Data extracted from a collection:

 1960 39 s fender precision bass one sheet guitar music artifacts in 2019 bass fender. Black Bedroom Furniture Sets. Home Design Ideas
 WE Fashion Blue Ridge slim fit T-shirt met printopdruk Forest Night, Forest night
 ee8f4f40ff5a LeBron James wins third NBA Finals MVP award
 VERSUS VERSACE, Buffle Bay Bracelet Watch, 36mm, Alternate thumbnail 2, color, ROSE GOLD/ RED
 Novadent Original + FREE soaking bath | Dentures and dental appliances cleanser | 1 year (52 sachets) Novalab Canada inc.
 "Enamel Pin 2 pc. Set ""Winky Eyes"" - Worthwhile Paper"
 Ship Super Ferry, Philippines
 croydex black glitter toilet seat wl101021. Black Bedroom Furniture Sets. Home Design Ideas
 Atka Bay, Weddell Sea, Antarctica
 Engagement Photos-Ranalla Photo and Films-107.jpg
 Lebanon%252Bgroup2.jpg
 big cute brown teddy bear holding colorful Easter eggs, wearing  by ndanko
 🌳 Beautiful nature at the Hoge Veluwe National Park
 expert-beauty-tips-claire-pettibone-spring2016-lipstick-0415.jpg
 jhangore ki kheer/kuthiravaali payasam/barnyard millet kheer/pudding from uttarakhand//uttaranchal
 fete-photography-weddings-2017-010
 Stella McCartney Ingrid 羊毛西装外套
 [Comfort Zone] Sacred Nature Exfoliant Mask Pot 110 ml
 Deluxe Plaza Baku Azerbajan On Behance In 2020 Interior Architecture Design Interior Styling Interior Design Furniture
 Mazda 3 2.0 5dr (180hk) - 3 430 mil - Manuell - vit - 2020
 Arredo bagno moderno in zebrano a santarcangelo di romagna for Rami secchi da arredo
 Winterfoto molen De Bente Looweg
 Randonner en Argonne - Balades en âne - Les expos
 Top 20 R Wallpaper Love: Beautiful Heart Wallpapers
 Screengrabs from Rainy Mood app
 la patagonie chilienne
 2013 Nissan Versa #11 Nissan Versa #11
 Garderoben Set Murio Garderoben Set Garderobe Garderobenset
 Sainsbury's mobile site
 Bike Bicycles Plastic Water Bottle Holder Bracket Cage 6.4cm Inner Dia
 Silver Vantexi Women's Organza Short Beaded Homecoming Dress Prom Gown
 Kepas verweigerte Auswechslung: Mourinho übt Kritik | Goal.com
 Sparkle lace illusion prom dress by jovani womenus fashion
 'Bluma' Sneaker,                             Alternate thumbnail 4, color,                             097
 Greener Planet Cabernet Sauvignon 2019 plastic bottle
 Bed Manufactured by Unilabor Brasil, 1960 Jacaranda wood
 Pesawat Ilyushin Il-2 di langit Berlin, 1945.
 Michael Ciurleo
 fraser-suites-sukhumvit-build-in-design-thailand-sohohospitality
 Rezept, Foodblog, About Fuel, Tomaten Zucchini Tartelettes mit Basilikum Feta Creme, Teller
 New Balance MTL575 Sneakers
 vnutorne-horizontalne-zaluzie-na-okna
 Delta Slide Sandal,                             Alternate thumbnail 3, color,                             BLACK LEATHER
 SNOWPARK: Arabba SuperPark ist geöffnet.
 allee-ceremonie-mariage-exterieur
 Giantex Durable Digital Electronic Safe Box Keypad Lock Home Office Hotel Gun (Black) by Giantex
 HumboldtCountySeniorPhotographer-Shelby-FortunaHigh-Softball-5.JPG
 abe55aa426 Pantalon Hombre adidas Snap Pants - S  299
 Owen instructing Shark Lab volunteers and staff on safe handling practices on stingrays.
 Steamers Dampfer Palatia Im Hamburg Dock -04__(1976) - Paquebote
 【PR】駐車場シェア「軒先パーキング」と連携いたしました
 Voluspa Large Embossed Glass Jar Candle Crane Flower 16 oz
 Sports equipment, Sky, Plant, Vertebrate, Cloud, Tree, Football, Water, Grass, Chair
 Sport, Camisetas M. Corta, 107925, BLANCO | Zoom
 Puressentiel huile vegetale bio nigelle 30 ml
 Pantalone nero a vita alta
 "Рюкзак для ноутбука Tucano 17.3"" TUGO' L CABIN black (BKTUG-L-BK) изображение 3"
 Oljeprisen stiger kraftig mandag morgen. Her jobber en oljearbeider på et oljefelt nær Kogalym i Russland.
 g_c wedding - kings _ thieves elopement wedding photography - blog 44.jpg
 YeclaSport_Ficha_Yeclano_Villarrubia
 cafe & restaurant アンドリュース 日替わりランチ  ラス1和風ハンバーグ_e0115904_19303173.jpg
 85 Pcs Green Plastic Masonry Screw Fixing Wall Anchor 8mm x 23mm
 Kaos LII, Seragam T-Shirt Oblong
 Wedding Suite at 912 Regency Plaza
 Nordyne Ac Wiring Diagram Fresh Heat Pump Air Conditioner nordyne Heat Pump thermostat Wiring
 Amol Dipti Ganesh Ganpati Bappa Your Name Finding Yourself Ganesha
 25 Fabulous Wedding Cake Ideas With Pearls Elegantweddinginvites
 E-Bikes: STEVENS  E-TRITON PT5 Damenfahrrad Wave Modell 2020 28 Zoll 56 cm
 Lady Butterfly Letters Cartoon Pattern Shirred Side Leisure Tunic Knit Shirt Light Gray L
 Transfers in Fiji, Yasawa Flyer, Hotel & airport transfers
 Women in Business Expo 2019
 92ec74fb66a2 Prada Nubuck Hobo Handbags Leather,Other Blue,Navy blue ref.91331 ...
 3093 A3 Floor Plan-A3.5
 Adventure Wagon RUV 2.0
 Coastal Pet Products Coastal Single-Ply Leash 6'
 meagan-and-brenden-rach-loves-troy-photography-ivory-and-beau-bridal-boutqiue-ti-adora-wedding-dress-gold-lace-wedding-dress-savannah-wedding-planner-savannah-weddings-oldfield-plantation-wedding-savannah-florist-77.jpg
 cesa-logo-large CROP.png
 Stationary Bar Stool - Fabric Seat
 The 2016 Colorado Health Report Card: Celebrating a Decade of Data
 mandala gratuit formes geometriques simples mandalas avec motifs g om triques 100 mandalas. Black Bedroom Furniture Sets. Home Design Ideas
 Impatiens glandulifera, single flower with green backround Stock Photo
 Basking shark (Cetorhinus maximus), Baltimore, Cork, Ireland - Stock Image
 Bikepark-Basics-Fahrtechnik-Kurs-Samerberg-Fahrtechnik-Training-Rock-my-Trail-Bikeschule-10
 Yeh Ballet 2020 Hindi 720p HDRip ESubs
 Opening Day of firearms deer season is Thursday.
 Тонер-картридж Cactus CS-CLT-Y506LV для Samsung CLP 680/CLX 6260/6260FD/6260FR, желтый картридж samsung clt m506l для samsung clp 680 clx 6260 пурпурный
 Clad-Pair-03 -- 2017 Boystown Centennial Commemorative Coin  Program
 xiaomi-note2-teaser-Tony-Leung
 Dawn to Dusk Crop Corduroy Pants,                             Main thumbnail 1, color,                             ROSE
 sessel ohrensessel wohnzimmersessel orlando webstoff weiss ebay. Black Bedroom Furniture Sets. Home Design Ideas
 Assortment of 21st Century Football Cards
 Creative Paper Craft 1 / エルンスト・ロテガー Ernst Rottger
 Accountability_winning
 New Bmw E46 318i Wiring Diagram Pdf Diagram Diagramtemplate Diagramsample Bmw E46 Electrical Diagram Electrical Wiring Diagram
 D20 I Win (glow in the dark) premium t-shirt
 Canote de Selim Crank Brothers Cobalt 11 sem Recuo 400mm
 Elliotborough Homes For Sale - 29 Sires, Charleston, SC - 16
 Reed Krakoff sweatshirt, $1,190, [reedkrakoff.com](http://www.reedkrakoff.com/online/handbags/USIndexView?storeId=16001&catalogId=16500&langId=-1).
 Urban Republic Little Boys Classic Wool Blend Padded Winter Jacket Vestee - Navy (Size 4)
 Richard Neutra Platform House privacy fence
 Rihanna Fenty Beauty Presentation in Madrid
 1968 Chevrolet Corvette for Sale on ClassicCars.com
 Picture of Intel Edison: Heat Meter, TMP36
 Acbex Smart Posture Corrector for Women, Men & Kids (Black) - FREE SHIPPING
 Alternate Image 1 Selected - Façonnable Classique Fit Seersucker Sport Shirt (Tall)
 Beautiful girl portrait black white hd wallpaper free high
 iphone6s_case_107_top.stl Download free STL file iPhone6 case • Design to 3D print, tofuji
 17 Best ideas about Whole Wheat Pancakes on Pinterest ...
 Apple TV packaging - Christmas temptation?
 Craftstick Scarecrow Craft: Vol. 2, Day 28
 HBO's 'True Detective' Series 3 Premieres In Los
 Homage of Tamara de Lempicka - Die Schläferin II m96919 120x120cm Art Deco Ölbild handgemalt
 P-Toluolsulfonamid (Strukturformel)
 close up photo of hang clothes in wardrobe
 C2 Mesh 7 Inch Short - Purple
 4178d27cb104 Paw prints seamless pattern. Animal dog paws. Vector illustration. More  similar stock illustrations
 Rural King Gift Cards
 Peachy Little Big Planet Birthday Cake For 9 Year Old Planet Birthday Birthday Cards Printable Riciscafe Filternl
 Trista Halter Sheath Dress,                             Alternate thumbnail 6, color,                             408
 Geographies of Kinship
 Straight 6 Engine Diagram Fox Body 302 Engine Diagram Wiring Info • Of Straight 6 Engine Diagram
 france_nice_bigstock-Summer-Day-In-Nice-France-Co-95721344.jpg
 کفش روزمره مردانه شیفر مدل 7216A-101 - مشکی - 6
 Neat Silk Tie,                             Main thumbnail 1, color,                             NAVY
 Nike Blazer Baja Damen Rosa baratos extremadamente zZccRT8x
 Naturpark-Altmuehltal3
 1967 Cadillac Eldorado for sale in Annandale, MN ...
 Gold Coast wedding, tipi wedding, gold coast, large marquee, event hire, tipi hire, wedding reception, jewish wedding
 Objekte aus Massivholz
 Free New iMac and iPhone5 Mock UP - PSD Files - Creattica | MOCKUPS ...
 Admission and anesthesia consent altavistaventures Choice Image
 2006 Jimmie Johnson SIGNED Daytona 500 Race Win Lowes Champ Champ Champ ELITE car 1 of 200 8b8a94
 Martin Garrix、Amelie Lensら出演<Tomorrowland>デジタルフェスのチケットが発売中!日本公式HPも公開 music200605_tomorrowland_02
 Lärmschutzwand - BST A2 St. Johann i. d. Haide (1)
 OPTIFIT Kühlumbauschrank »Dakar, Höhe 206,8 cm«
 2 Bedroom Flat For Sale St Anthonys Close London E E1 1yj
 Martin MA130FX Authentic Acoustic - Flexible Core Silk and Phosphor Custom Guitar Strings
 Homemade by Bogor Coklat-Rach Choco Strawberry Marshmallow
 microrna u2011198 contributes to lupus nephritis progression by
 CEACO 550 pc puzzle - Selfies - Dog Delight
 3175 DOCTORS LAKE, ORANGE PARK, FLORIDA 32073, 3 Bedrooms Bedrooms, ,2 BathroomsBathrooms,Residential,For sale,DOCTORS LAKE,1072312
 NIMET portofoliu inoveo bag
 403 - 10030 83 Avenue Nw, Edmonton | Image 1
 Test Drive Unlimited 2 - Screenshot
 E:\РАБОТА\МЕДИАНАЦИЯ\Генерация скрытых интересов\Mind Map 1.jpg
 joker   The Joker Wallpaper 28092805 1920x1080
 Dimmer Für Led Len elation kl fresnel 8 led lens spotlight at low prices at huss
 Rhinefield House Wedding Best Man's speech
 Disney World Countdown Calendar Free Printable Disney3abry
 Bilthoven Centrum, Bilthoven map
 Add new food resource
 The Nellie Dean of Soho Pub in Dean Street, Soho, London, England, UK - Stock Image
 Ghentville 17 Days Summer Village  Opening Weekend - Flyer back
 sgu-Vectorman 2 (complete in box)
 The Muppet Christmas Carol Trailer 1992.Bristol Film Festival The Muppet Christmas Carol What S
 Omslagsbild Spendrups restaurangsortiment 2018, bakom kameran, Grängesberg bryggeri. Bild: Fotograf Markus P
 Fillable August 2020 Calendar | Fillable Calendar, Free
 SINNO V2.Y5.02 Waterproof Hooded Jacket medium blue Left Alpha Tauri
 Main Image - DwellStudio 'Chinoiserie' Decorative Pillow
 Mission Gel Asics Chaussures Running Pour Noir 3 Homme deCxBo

* _About this task_:
If a line above contains the word "Flyer", it counts; state how many lines count, and nothing more.

* _Solution_:
2